====== SOURCE MATERIAL

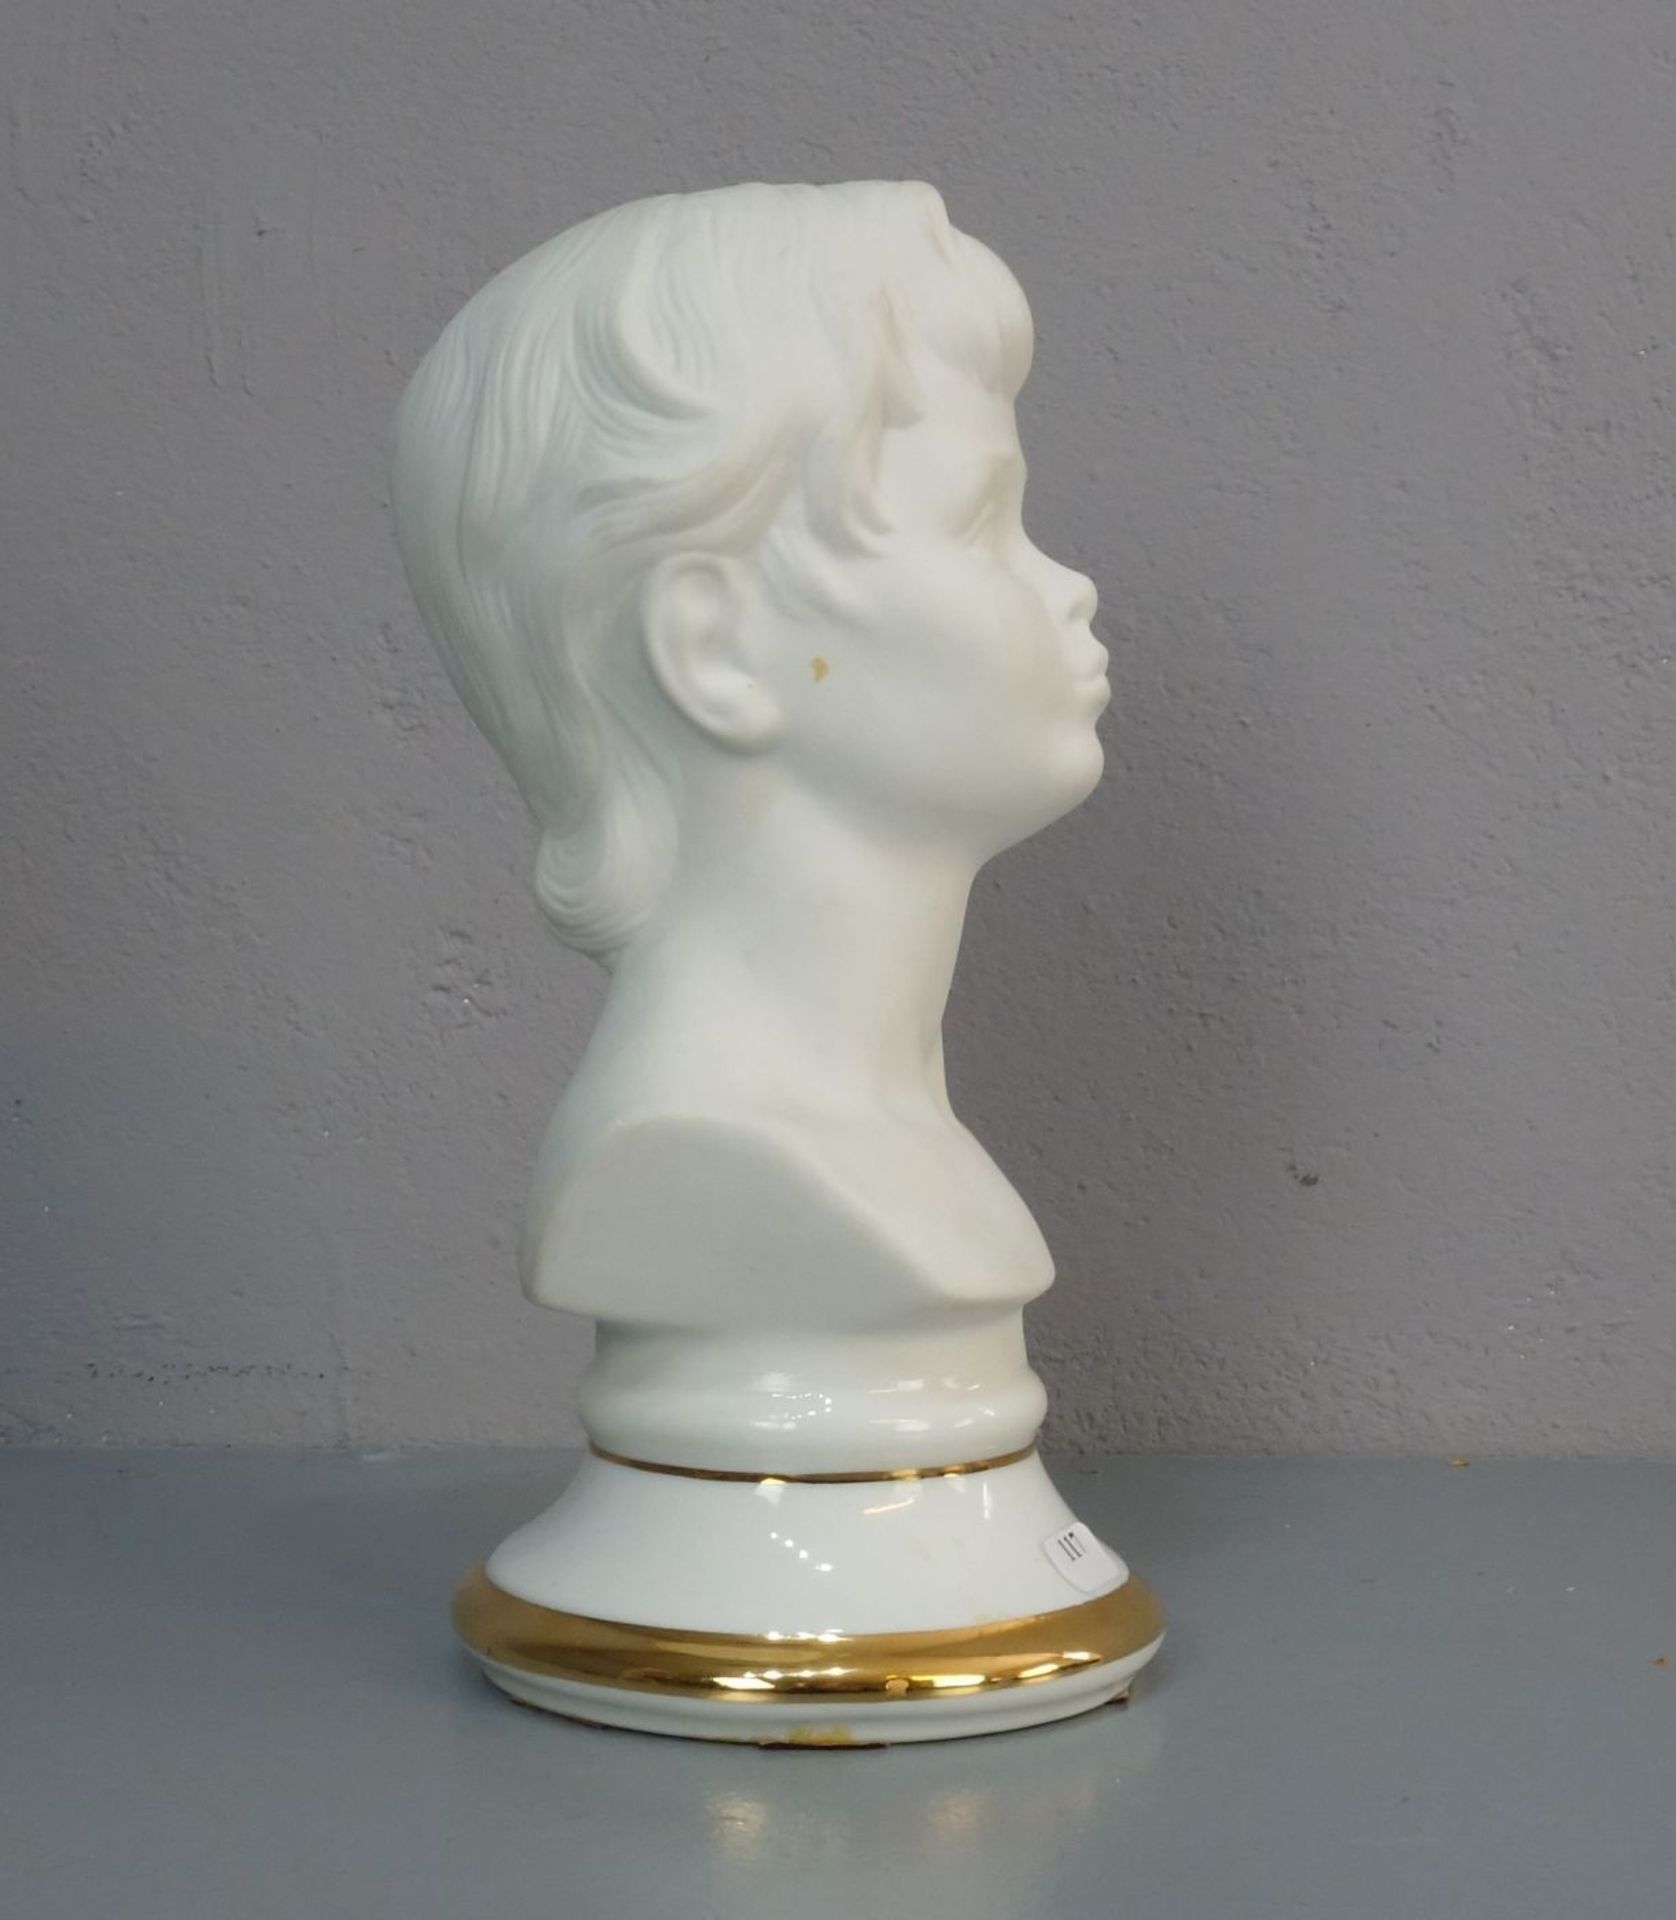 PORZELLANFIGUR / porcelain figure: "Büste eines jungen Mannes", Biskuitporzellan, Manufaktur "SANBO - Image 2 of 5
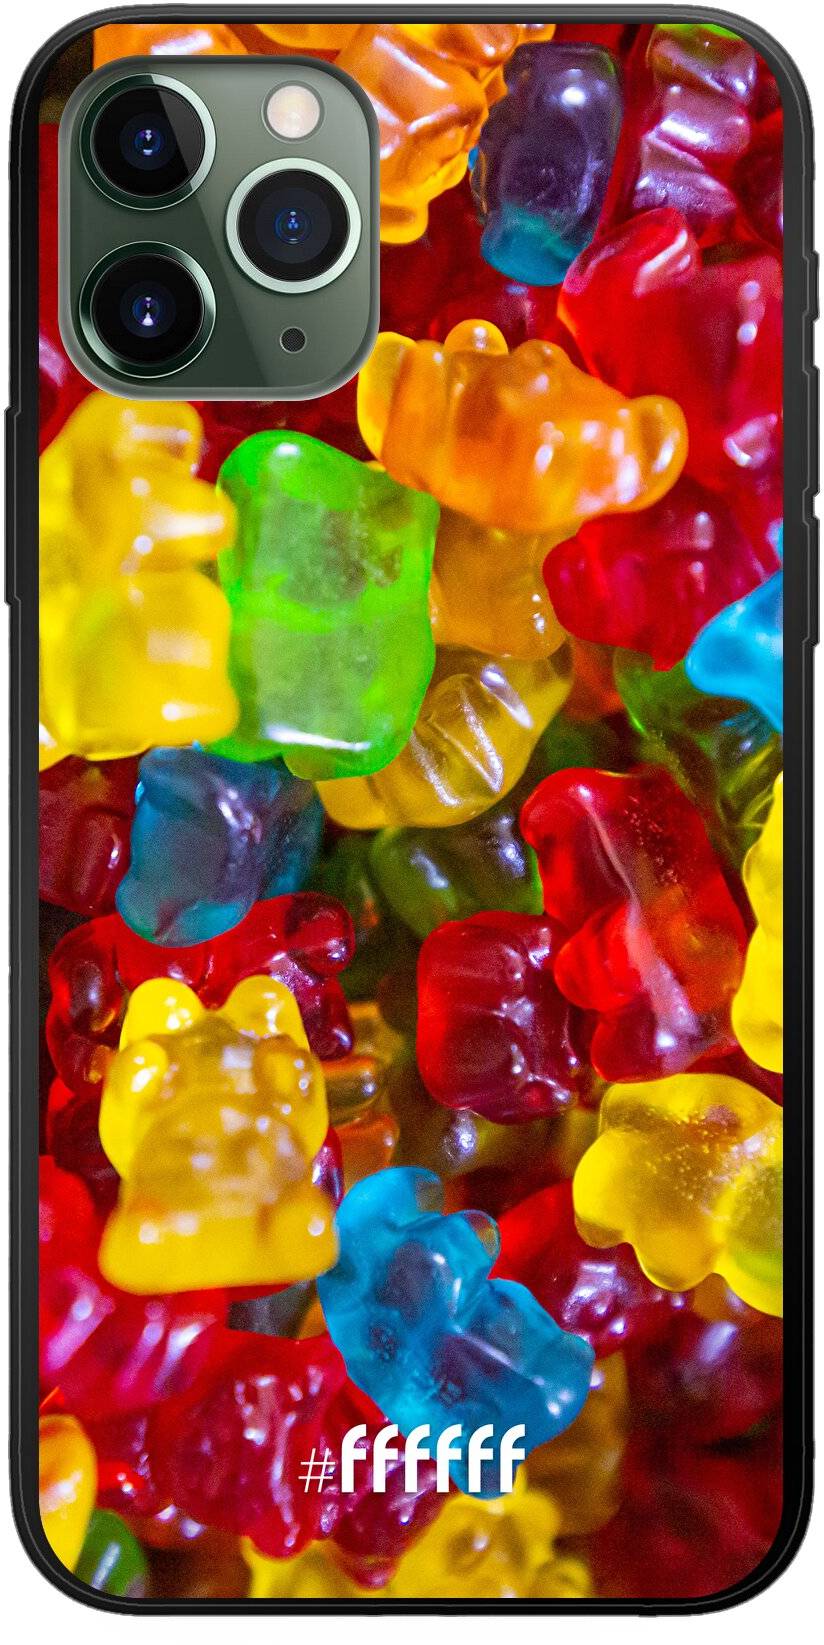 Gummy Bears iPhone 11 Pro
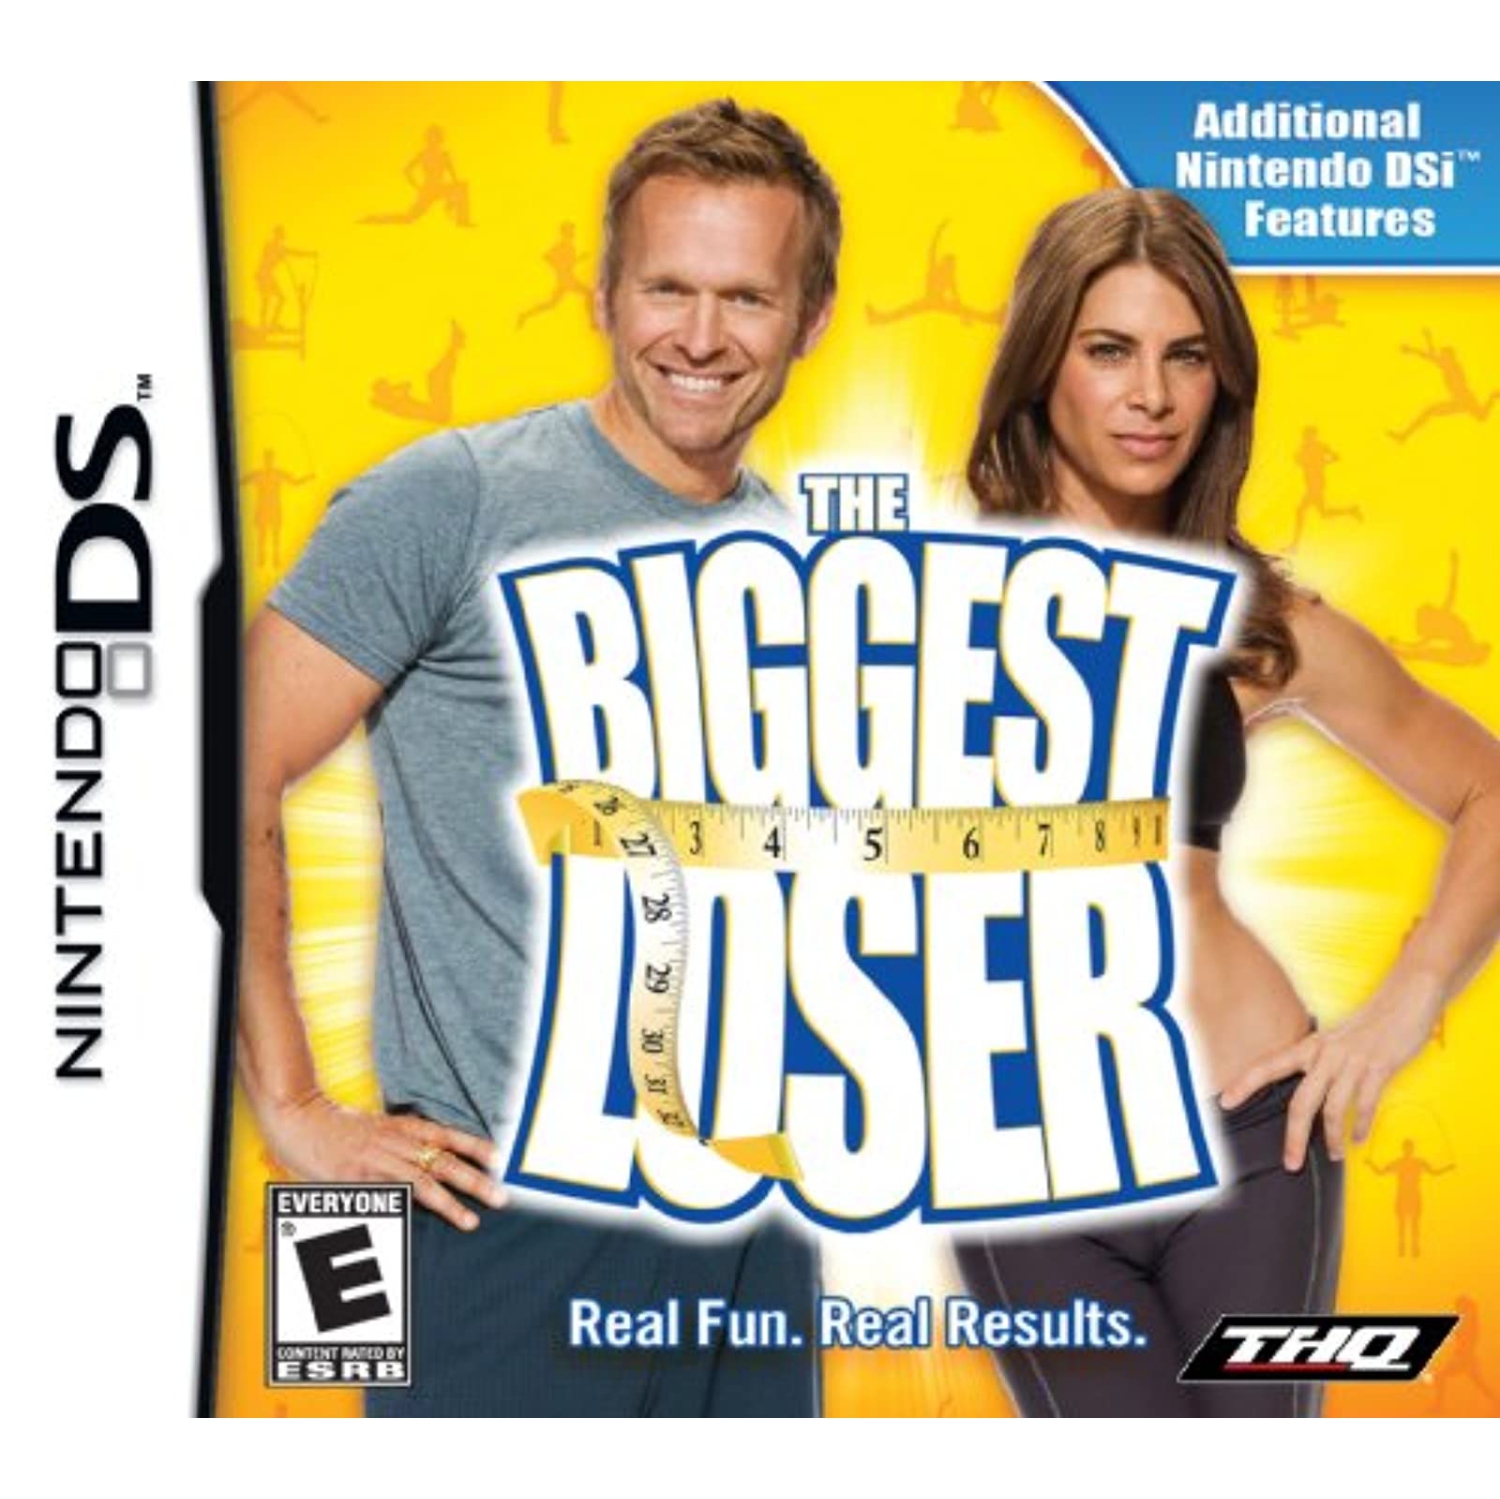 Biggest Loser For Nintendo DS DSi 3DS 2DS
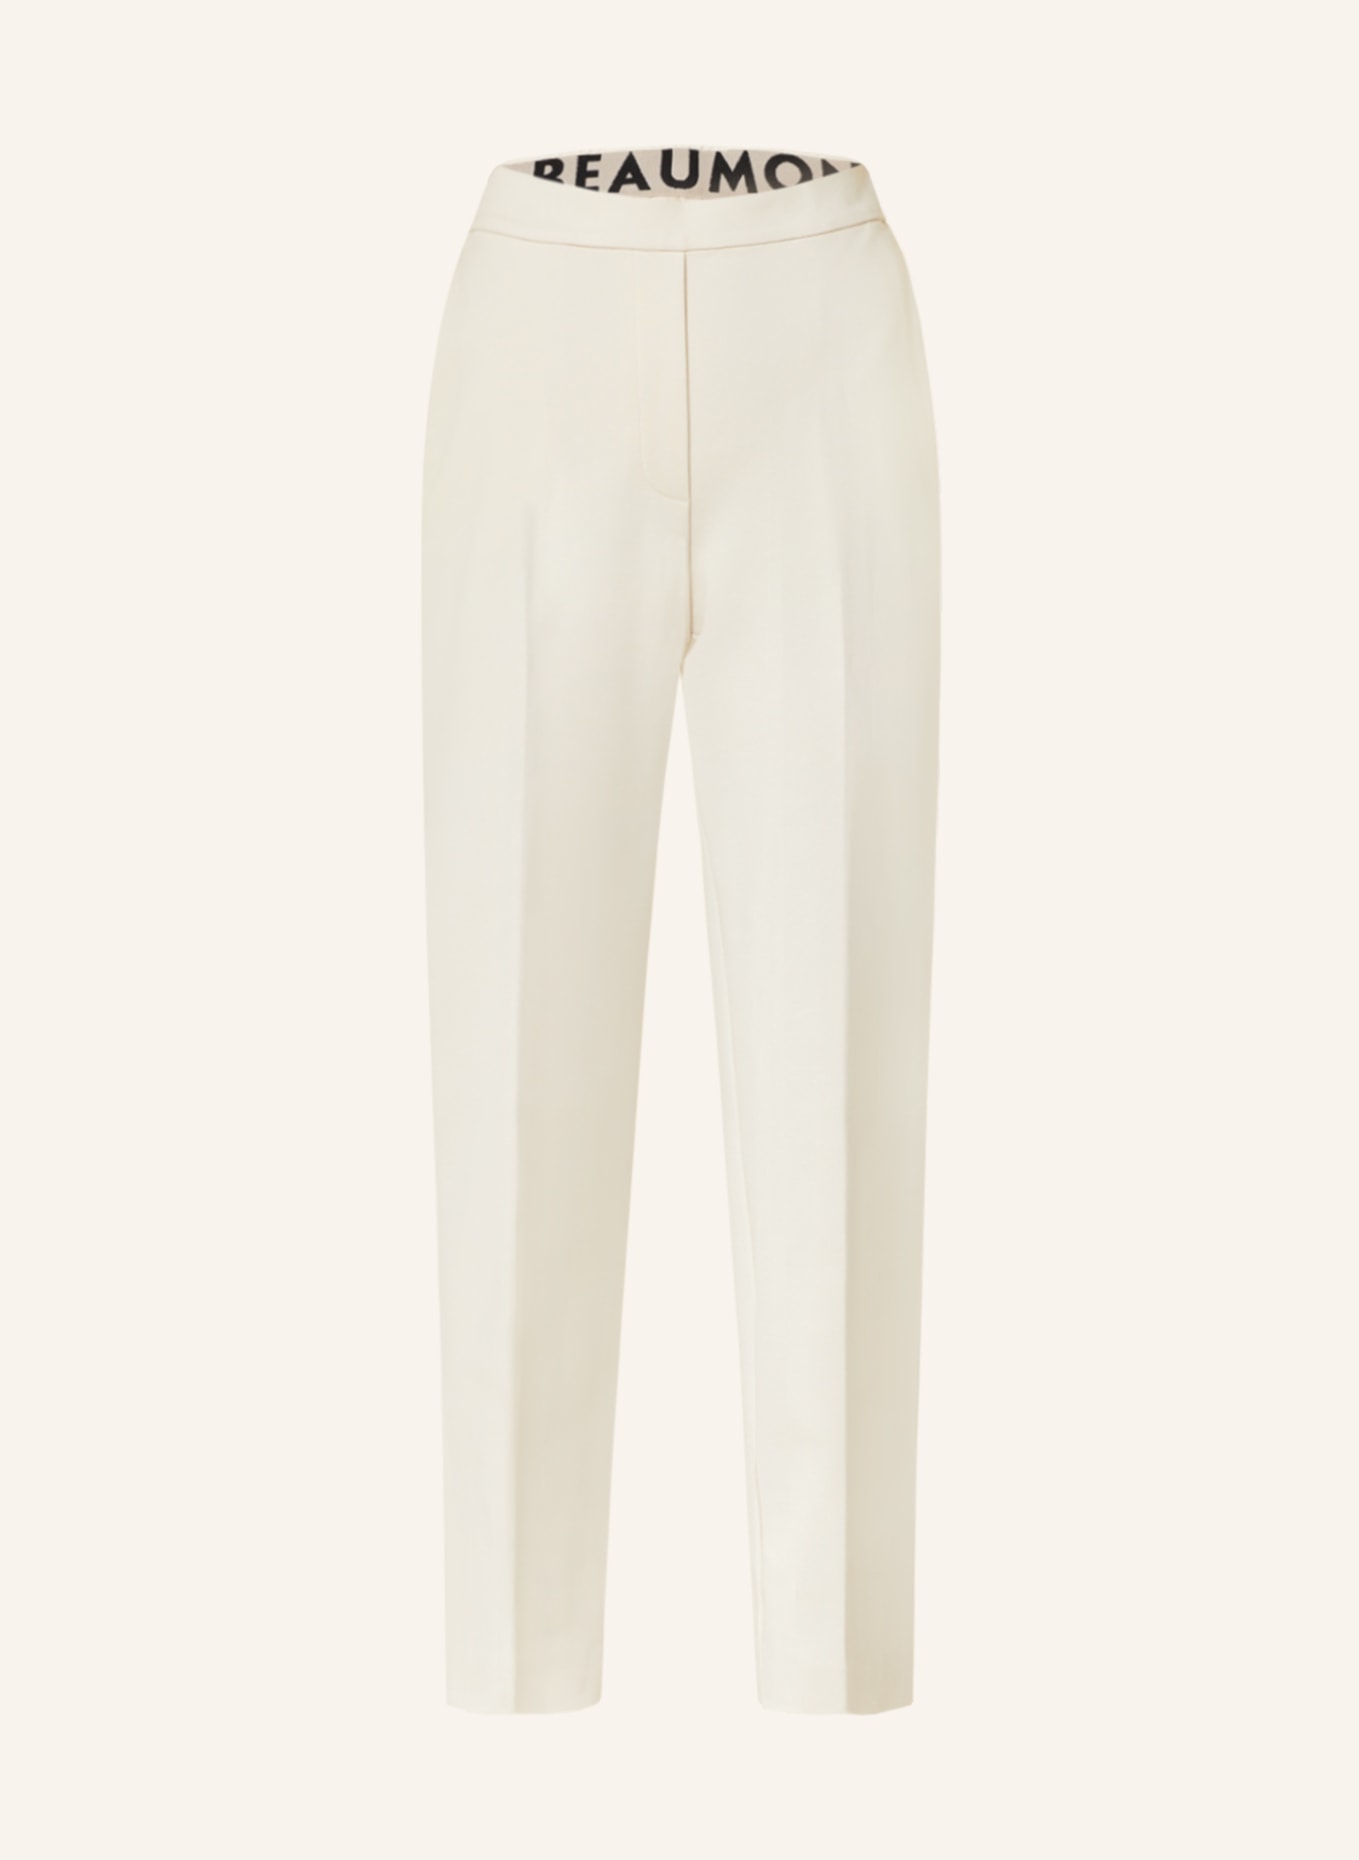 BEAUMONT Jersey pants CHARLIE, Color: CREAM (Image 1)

============

▸ **WHAT THE TASK ASKS**: Set the listing down exactly, without its pictures.

▸ **ANSWER TO THIS TASK**:
 PORZELLANFIGUR / porcelain figure: "Büste eines jungen Mannes", Biskuitporzellan, Manufaktur "SANBO - Image 2 of 5
 Gummy Bears iPhone 11 Pro
 Biggest Loser For Nintendo DS DSi 3DS 2DS
 BEAUMONT Jersey pants CHARLIE, Color: CREAM (Image 1)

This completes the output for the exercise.